Take the records below from their first line to the line with "2019-01-19 Rugby-517-Edit-2.jpg", and restate those lines word for word.

....

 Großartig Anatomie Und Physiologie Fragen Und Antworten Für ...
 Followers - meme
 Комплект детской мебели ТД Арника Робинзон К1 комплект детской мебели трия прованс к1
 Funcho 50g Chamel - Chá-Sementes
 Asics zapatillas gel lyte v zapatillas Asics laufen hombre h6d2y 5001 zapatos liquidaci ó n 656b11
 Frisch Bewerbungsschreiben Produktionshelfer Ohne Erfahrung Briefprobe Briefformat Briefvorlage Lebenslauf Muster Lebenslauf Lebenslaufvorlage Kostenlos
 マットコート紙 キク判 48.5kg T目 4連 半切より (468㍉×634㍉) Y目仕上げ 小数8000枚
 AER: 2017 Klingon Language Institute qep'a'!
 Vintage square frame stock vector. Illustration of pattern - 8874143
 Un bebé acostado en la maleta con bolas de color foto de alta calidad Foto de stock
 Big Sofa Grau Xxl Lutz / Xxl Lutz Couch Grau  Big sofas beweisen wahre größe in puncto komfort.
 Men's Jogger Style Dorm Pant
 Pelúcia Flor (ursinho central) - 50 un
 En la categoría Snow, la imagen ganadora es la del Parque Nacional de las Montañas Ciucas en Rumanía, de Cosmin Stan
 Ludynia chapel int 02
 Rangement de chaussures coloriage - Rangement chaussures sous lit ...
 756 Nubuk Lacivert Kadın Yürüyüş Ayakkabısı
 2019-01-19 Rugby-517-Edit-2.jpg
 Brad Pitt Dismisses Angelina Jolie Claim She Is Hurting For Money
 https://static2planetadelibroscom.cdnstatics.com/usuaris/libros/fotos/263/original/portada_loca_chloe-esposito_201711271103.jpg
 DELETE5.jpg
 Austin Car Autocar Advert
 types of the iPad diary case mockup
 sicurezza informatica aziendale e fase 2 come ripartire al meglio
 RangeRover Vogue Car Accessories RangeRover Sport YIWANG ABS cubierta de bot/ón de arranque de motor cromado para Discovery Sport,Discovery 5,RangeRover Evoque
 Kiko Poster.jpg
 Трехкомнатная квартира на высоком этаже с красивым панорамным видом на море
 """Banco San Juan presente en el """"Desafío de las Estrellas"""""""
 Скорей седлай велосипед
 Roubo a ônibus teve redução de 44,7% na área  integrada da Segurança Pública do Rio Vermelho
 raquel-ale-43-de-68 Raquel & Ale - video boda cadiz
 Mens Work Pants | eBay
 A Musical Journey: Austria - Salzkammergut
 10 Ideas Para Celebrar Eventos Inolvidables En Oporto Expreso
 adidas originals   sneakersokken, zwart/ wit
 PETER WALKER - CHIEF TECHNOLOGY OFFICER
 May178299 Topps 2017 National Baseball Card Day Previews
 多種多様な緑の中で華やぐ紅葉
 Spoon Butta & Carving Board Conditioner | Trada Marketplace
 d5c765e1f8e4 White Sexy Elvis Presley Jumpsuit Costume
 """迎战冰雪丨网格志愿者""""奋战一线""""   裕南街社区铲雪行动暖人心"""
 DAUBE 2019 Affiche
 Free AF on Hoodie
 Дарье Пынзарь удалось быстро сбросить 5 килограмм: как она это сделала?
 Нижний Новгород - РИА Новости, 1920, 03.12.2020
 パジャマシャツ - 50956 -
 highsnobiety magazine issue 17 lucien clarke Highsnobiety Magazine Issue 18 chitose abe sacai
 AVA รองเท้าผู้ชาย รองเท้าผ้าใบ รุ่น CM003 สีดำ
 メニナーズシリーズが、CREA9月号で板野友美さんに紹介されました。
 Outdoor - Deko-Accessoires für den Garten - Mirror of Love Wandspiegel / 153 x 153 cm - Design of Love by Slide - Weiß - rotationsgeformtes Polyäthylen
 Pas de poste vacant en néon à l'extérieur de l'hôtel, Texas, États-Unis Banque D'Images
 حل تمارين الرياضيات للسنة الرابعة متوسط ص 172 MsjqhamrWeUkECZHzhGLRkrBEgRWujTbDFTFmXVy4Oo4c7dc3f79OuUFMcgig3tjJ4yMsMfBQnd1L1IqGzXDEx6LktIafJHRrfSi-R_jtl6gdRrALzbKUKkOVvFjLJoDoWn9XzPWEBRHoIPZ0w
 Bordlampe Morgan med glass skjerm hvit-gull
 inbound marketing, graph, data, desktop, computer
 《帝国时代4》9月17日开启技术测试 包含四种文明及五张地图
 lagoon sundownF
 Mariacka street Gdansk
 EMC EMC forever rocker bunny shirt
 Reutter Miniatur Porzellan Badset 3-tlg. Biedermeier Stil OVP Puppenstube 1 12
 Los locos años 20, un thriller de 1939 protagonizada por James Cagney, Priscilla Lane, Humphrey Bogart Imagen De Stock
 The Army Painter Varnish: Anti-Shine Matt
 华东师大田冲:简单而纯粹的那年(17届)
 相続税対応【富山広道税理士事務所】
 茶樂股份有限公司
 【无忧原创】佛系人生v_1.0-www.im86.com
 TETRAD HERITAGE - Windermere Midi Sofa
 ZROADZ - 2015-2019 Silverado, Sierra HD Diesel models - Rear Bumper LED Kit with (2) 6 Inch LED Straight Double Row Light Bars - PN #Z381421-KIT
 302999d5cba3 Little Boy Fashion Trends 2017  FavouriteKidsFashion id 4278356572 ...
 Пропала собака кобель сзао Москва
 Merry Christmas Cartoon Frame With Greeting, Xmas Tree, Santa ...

....

_SOLUTION TO THIS EXERCISE_:
 Großartig Anatomie Und Physiologie Fragen Und Antworten Für ...
 Followers - meme
 Комплект детской мебели ТД Арника Робинзон К1 комплект детской мебели трия прованс к1
 Funcho 50g Chamel - Chá-Sementes
 Asics zapatillas gel lyte v zapatillas Asics laufen hombre h6d2y 5001 zapatos liquidaci ó n 656b11
 Frisch Bewerbungsschreiben Produktionshelfer Ohne Erfahrung Briefprobe Briefformat Briefvorlage Lebenslauf Muster Lebenslauf Lebenslaufvorlage Kostenlos
 マットコート紙 キク判 48.5kg T目 4連 半切より (468㍉×634㍉) Y目仕上げ 小数8000枚
 AER: 2017 Klingon Language Institute qep'a'!
 Vintage square frame stock vector. Illustration of pattern - 8874143
 Un bebé acostado en la maleta con bolas de color foto de alta calidad Foto de stock
 Big Sofa Grau Xxl Lutz / Xxl Lutz Couch Grau  Big sofas beweisen wahre größe in puncto komfort.
 Men's Jogger Style Dorm Pant
 Pelúcia Flor (ursinho central) - 50 un
 En la categoría Snow, la imagen ganadora es la del Parque Nacional de las Montañas Ciucas en Rumanía, de Cosmin Stan
 Ludynia chapel int 02
 Rangement de chaussures coloriage - Rangement chaussures sous lit ...
 756 Nubuk Lacivert Kadın Yürüyüş Ayakkabısı
 2019-01-19 Rugby-517-Edit-2.jpg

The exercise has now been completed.